### Work required
All the data below goes into the copy word for word, but the pictures don't.
(Beginning of Stored data)
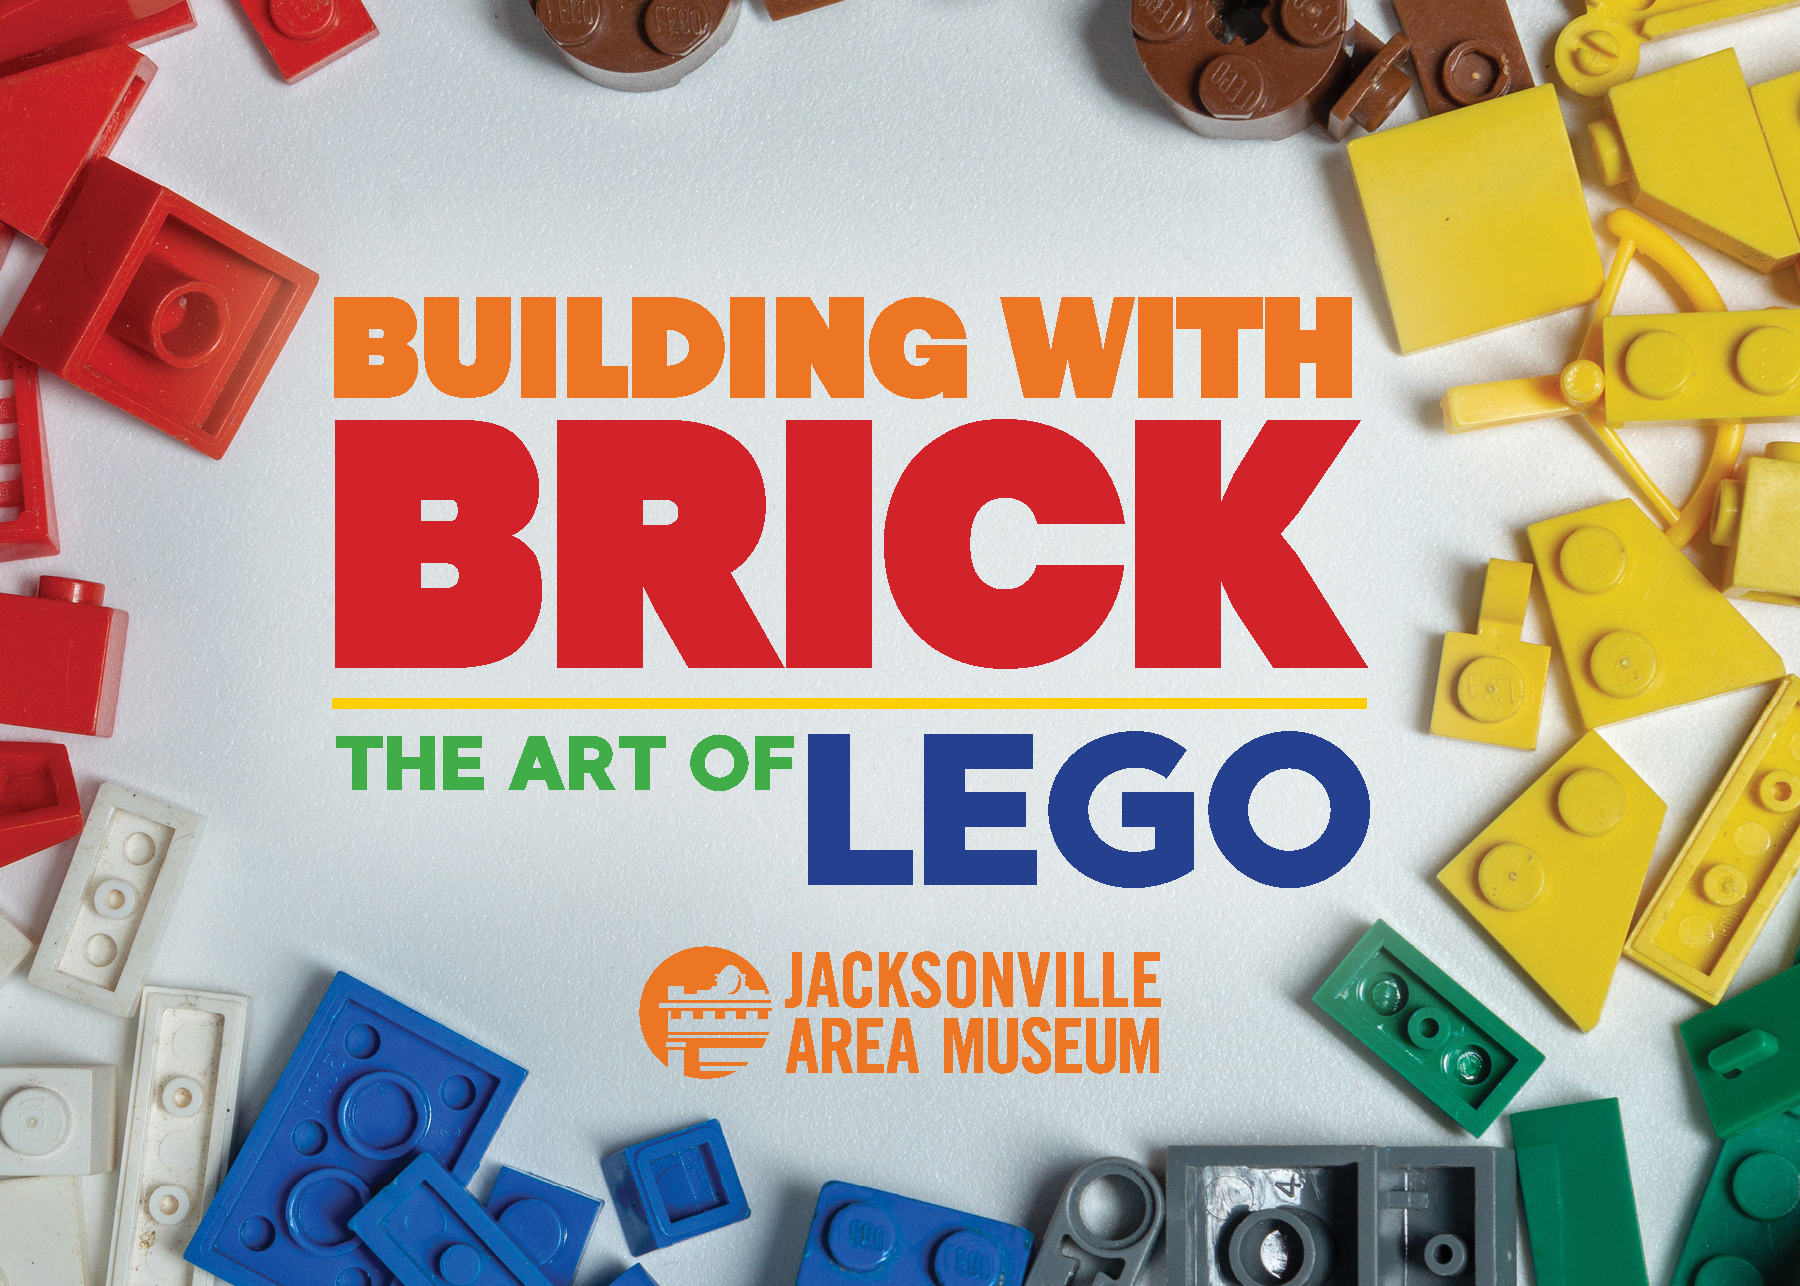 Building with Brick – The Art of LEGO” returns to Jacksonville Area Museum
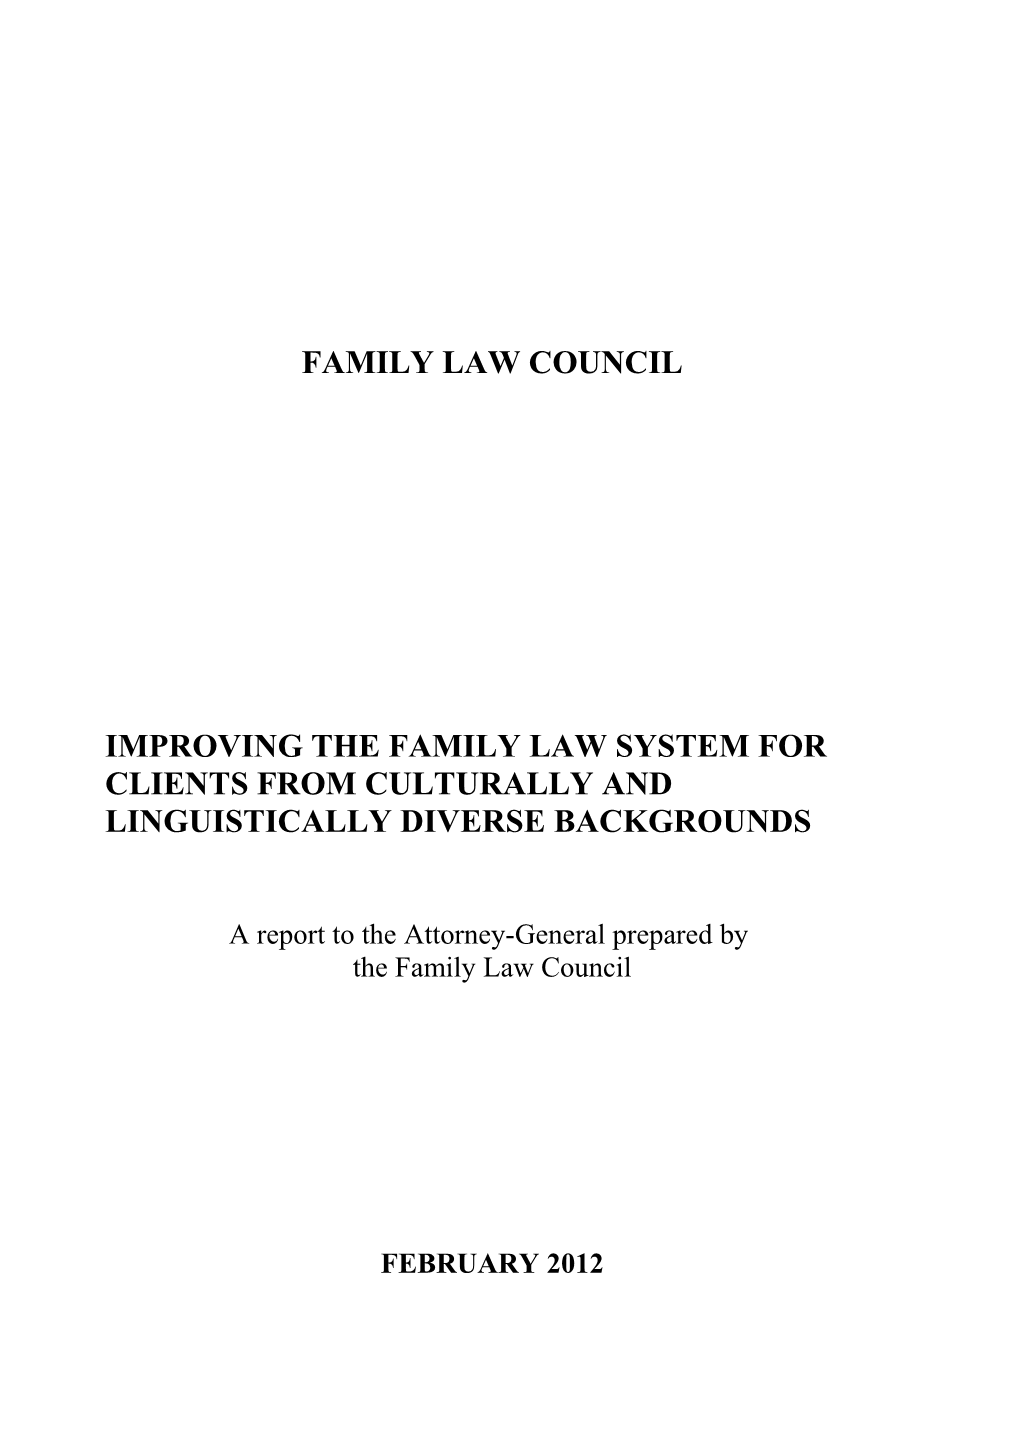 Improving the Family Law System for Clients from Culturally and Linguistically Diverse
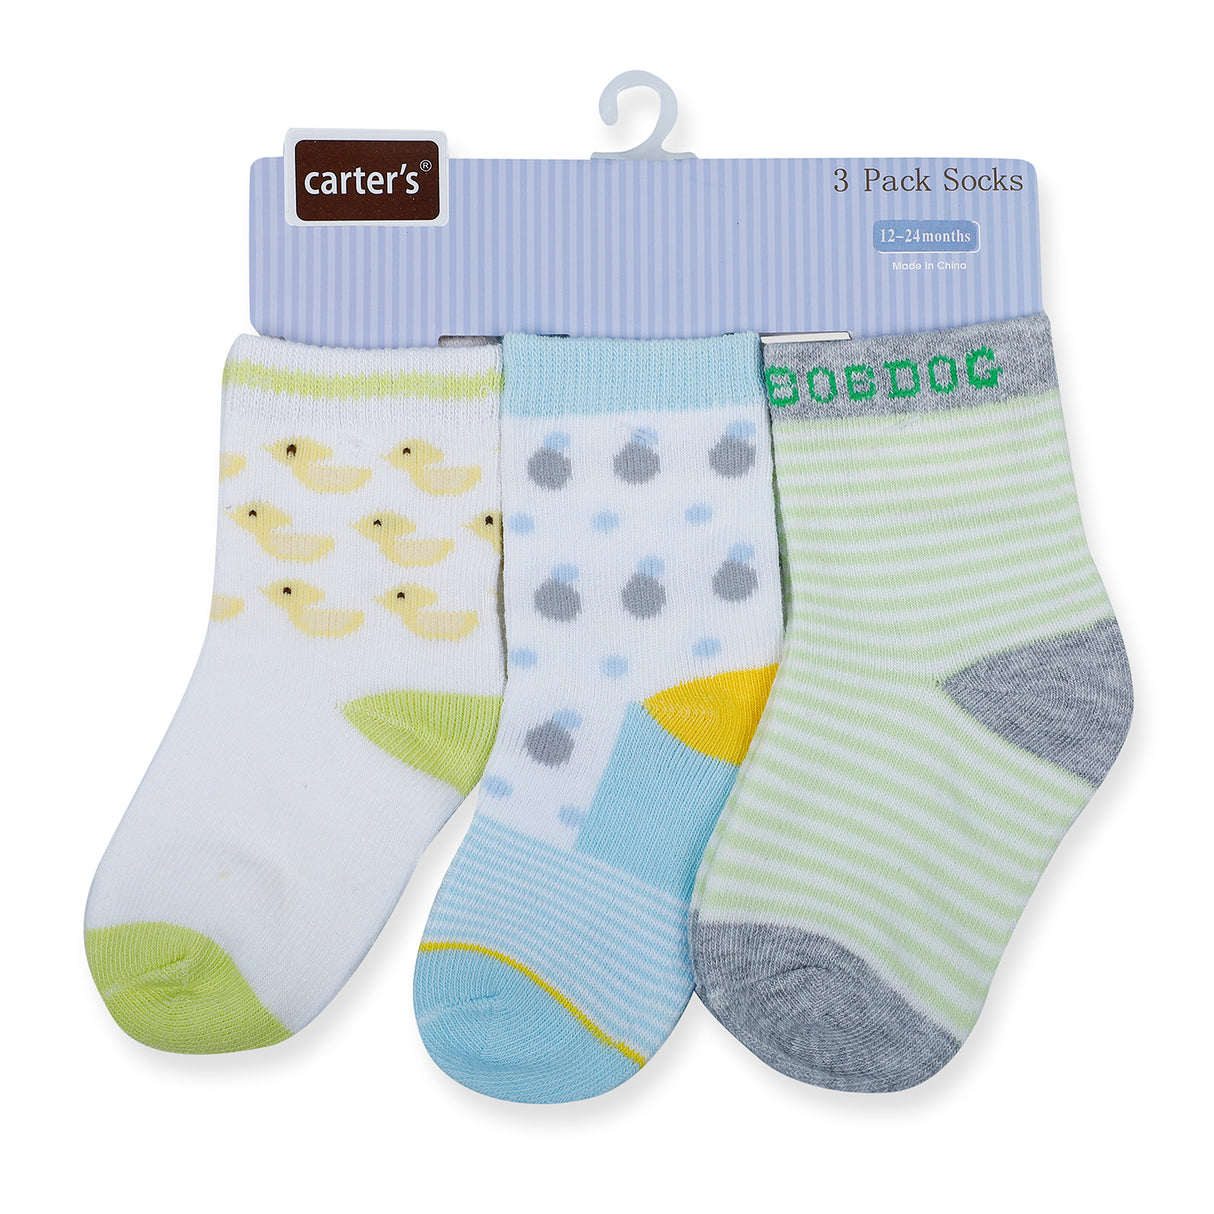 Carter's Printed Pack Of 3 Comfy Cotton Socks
(End of Stored data)
### Written solution
 Building with Brick – The Art of LEGO” returns to Jacksonville Area Museum
 Improving the Family Law System for Clients from Culturally and Linguistically Diverse
 Carter's Printed Pack Of 3 Comfy Cotton Socks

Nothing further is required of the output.